Exactly as they appear below, repeat the lines from the one with "Купить Жіночі баскетбольні" through the one with "損なう安心させる小人ViTAKT (ヴィタクト) クレンジングウォッシュジェル". Drop every picture.

### Records to process:
============
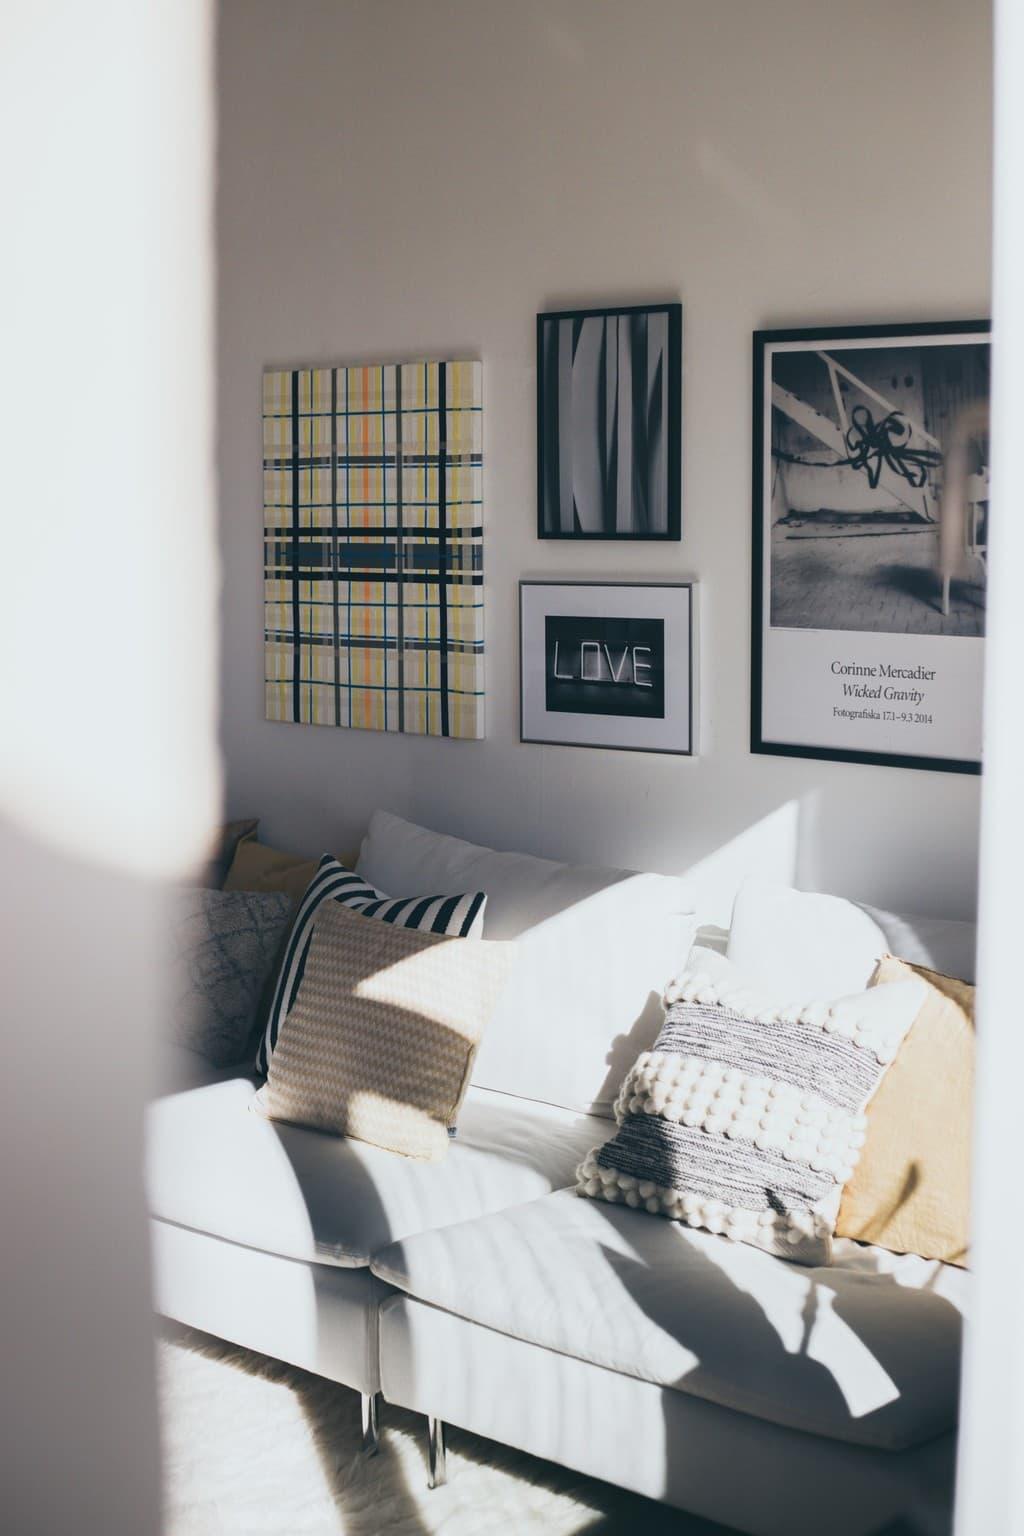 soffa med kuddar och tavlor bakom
============
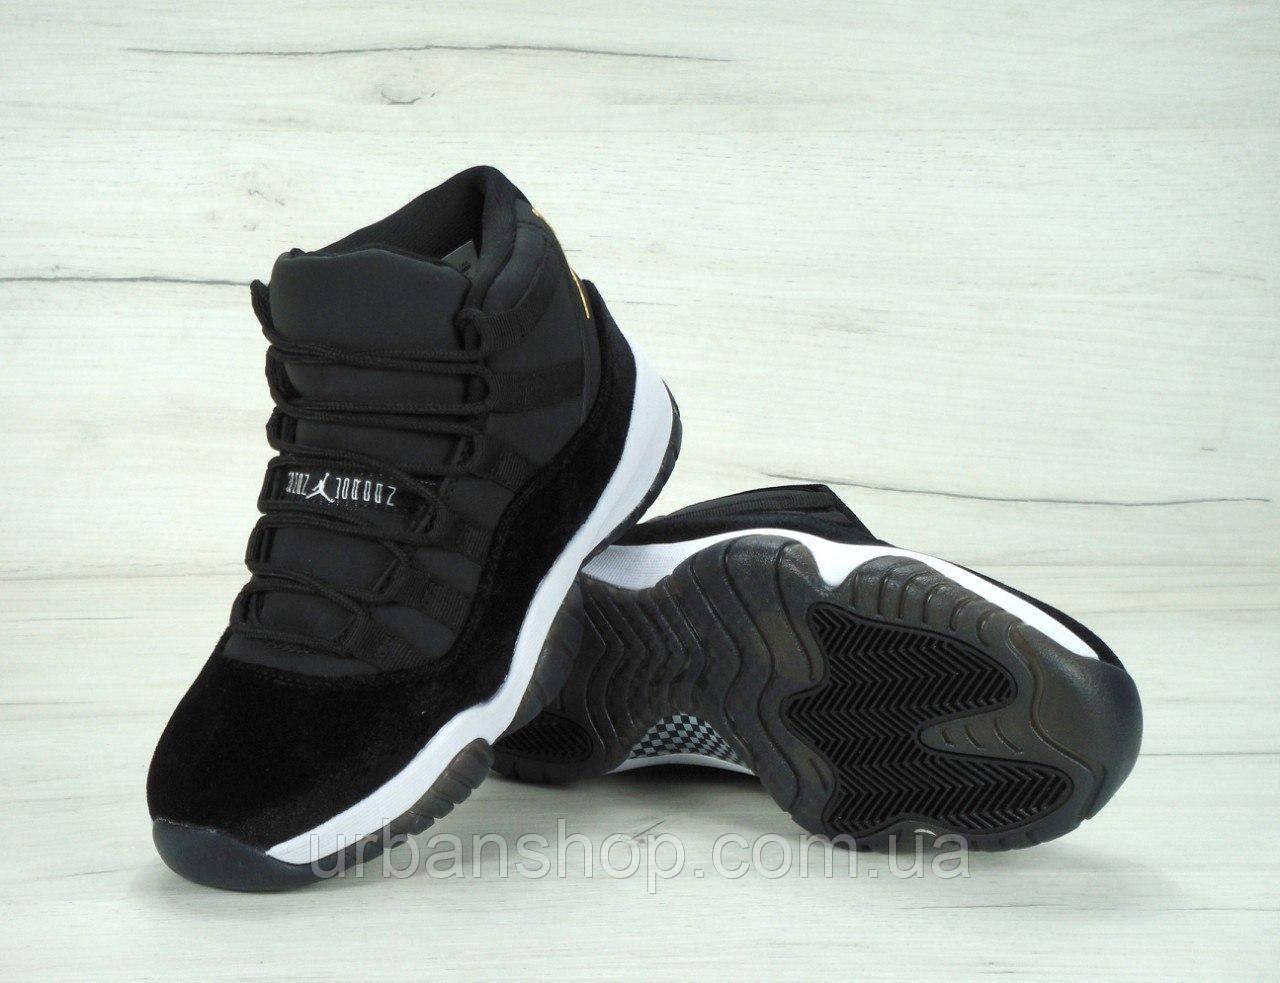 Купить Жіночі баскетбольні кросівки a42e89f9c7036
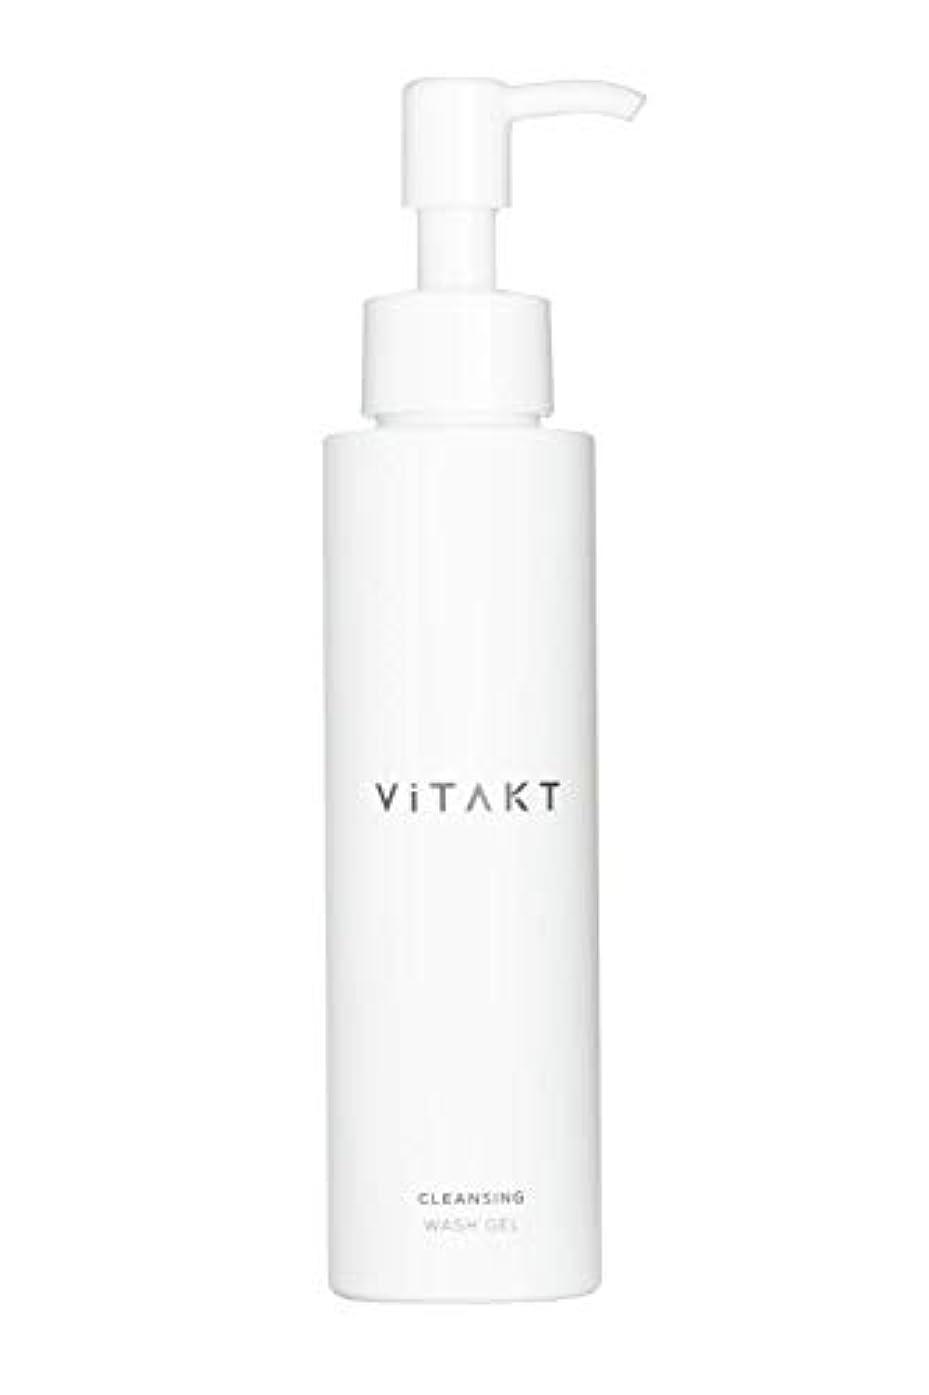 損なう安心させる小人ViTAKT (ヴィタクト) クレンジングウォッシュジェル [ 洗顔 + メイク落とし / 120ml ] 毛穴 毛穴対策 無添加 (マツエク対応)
============
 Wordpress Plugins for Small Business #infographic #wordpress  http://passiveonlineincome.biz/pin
============
### Reply to the exercise:
 Купить Жіночі баскетбольні кросівки a42e89f9c7036
 損なう安心させる小人ViTAKT (ヴィタクト) クレンジングウォッシュジェル [ 洗顔 + メイク落とし / 120ml ] 毛穴 毛穴対策 無添加 (マツエク対応)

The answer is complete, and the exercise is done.